Он согласился, но велел насушить сухарей, – пусть мать хотя бы поест перед смертью.
Вышли мы с мужем за калитку. Свекровь плелась сзади. Муж дал мне в руки узелок с сухарями, а сам отступил назад, чтобы помочь матери через порог перейти. А калитку-то и захлопнул.
Три дня я рыдала под забором от страха, отчаяния и обиды. Кричала, просила, умоляла, каялась. Скребла ногтями забор, а он высокий, в два человеческих роста. Но муж не открывал.
Ночью выли волки, ежи щекотали ноги. Воду пила из луж. Но, правду говорят, ночь дает хорошие советы. Другой я стала, словно ледяной водой умылась.
Только вечером четвертого дня калитка открылась. Зашла я в родной дом и бухнулась Мише в ноги, а потом нагрела баньку и искупала свекровь. Купала каждый день, а вечером перед сном обмывала в тазу ее ноги. Запах исчез. Полюбила я свекровь. Как мать родную.
Ни разу Миша не припомнил мой грех, даже во хмелю. Как и не было ничего. Любил он меня.

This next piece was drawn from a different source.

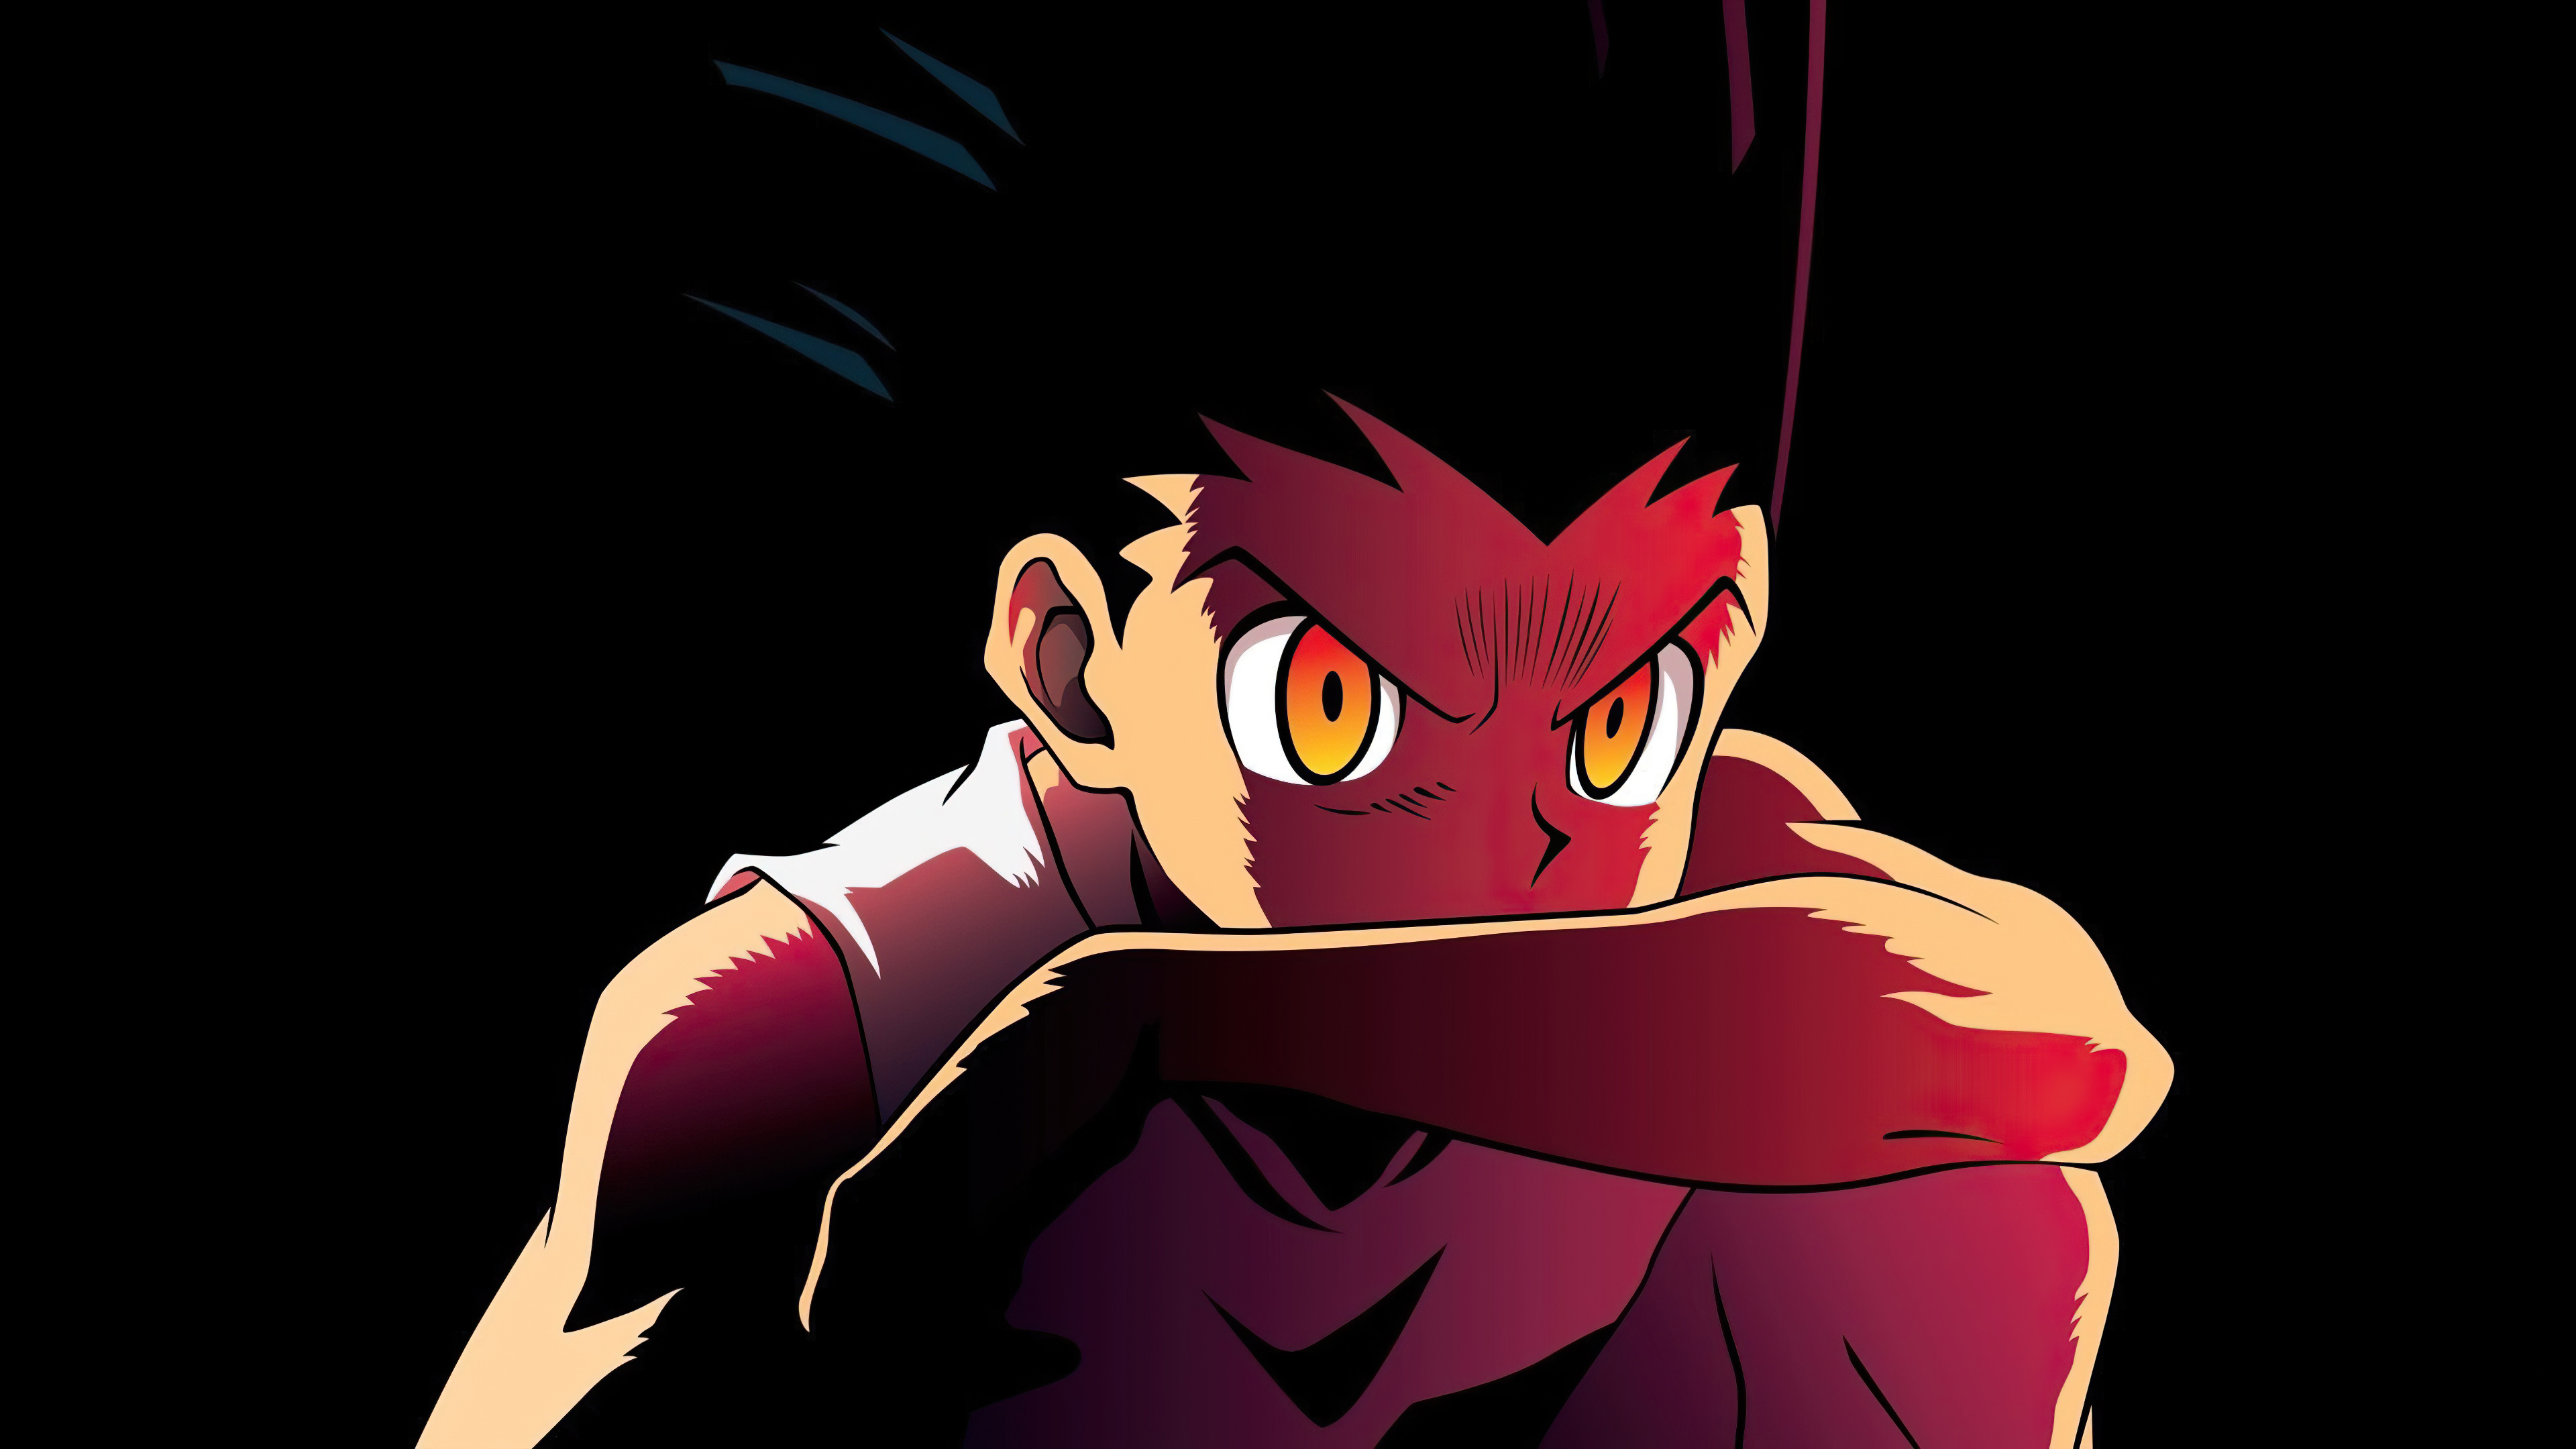 Gon Freecss: The son of the famous Hunter Ging Freecss, A Rookie Hunter, A young boy with large eyes. 3840x2160 4K Wallpaper.

А через год свекровь спасла меня, когда я металась в горячке, а потом отнялись ноги. На костылях до нужника едва добиралась. Травы она знала. Смазывала ноги и спину какой-то вонючей зеленой жижей. В законопаченном чугунке три дня варила со мхом и синими грибами большую старую гадюку. Все прошло. После восьми лет супружества у нас родилась дочь. Антониной назвала. В ее честь. Но все эти годы я как с синяком под глазом ходила. И больно и стыдно. С тех пор не могу долго смотреть в Мишины глаза.
В городе давно живем, но каждый год на могилку в деревню приезжаю. Разговариваю со свекровью. Прощения прошу. Но стыд так и не ушел. У кого есть рубец, рану не забудет. Вот рассказала о тайне и легче стало. Нельзя просить смерти для людей. Слепа ненависть, как и любовь. Нет от нее лекарств, пока на себе свои желания не изведаешь.
В сонливой тишине заскрипел старушечий голос: «Господь посылает нам и болезни, и лекарства. Перед людьми этот грех вы излечили. Думаю, и там вам прощено. Смотрите в глаза мужа спокойно. Он давно вас простил.
«Простил-простил, простил-простил…» – бубнило эхо колесных пар
На стекле окна замелькали иероглифы теней деревьев. Зигзаги, изломы, переплетенные нити сторон треугольников.
«Проекции семей», – мелькнуло в голове. Сыновья, свекрови, невестки, жестко слитые в геометрические фигуры. И нет ни одной одинаковой пары.
Так было. А как есть? Что изменилось? Умирать в сугробы и леса матерей уже не отводят. Действуют изощреннее. В психушки запирают, продают вместе с недвижимостью.
Вспоминаю недавнюю историю, осевшую в лабиринтах памяти. Дал объявление о покупке дома в деревне под дачу. Среди ручья звонков запомнился один.
– Дом в хорошем состоянии, печное отопление, колодец во дворе, – а потом минутное молчание. – Только мы его… с бабушкой продаем… не нужна она никому.
В паспорте бабушки этот человек был записан как «сын».